--- Data under study ---

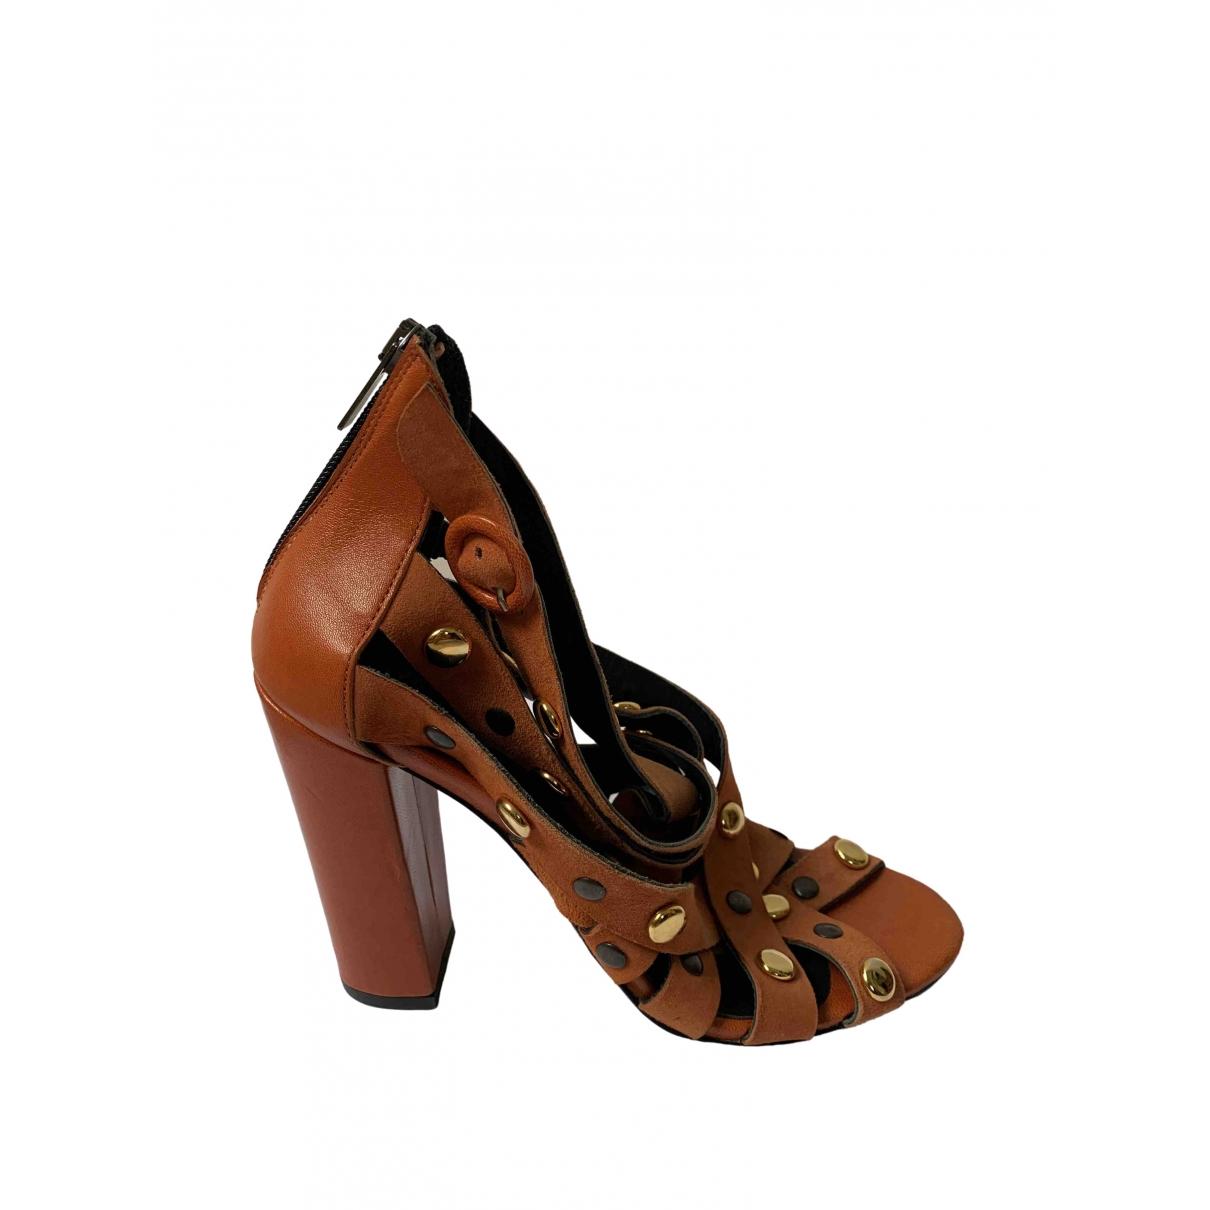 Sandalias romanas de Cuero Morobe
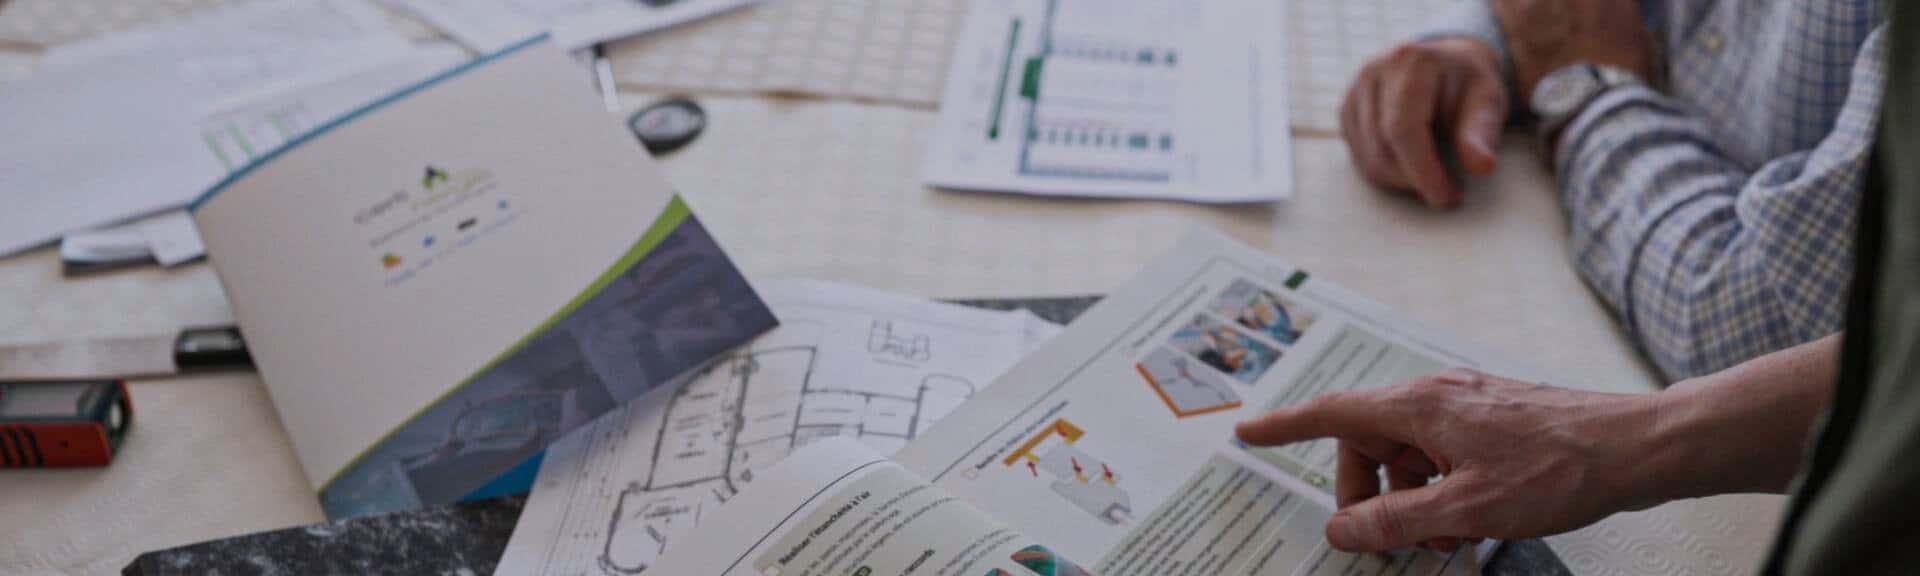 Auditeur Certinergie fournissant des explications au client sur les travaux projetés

---
--- Data under study ---

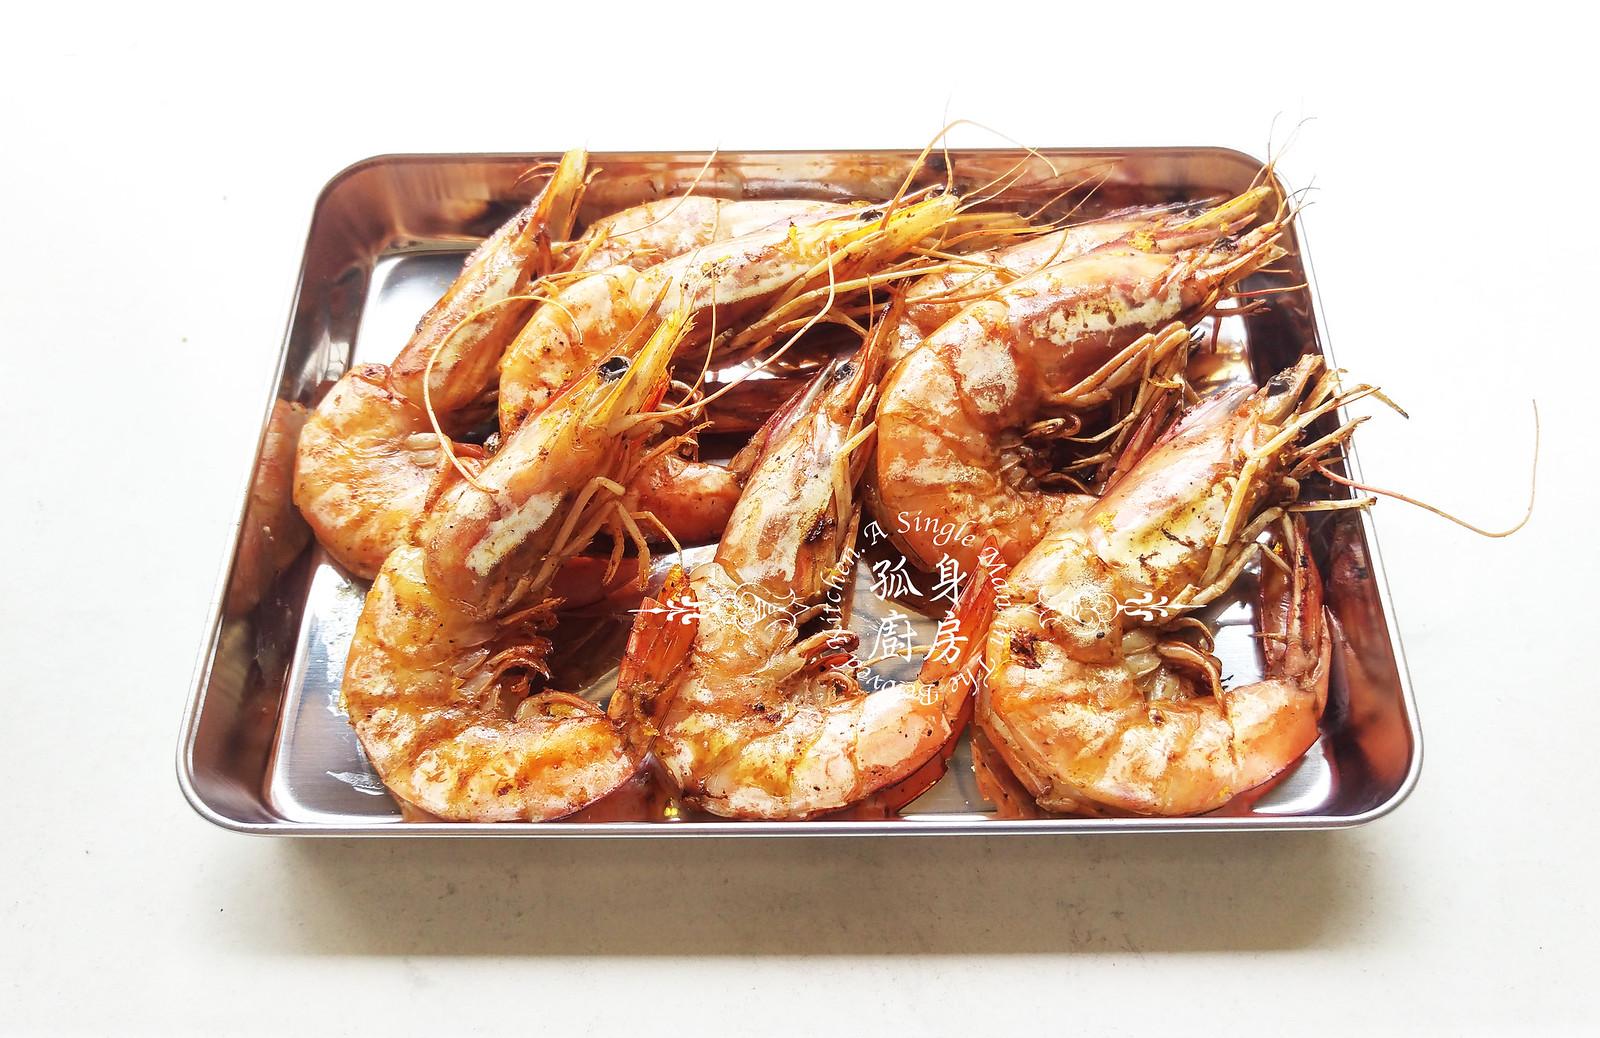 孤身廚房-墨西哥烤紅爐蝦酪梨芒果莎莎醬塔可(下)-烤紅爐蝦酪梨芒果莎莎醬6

---

■ What this task involves ■
Using the data above, which lines fall from the one with "Sandalias romanas de Cuero Morobe" through the one with "Auditeur Certinergie fournissant"? Repeat them exactly, ends included, minus any pictures.

■ The completed task ■
 Sandalias romanas de Cuero Morobe
 Auditeur Certinergie fournissant des explications au client sur les travaux projetés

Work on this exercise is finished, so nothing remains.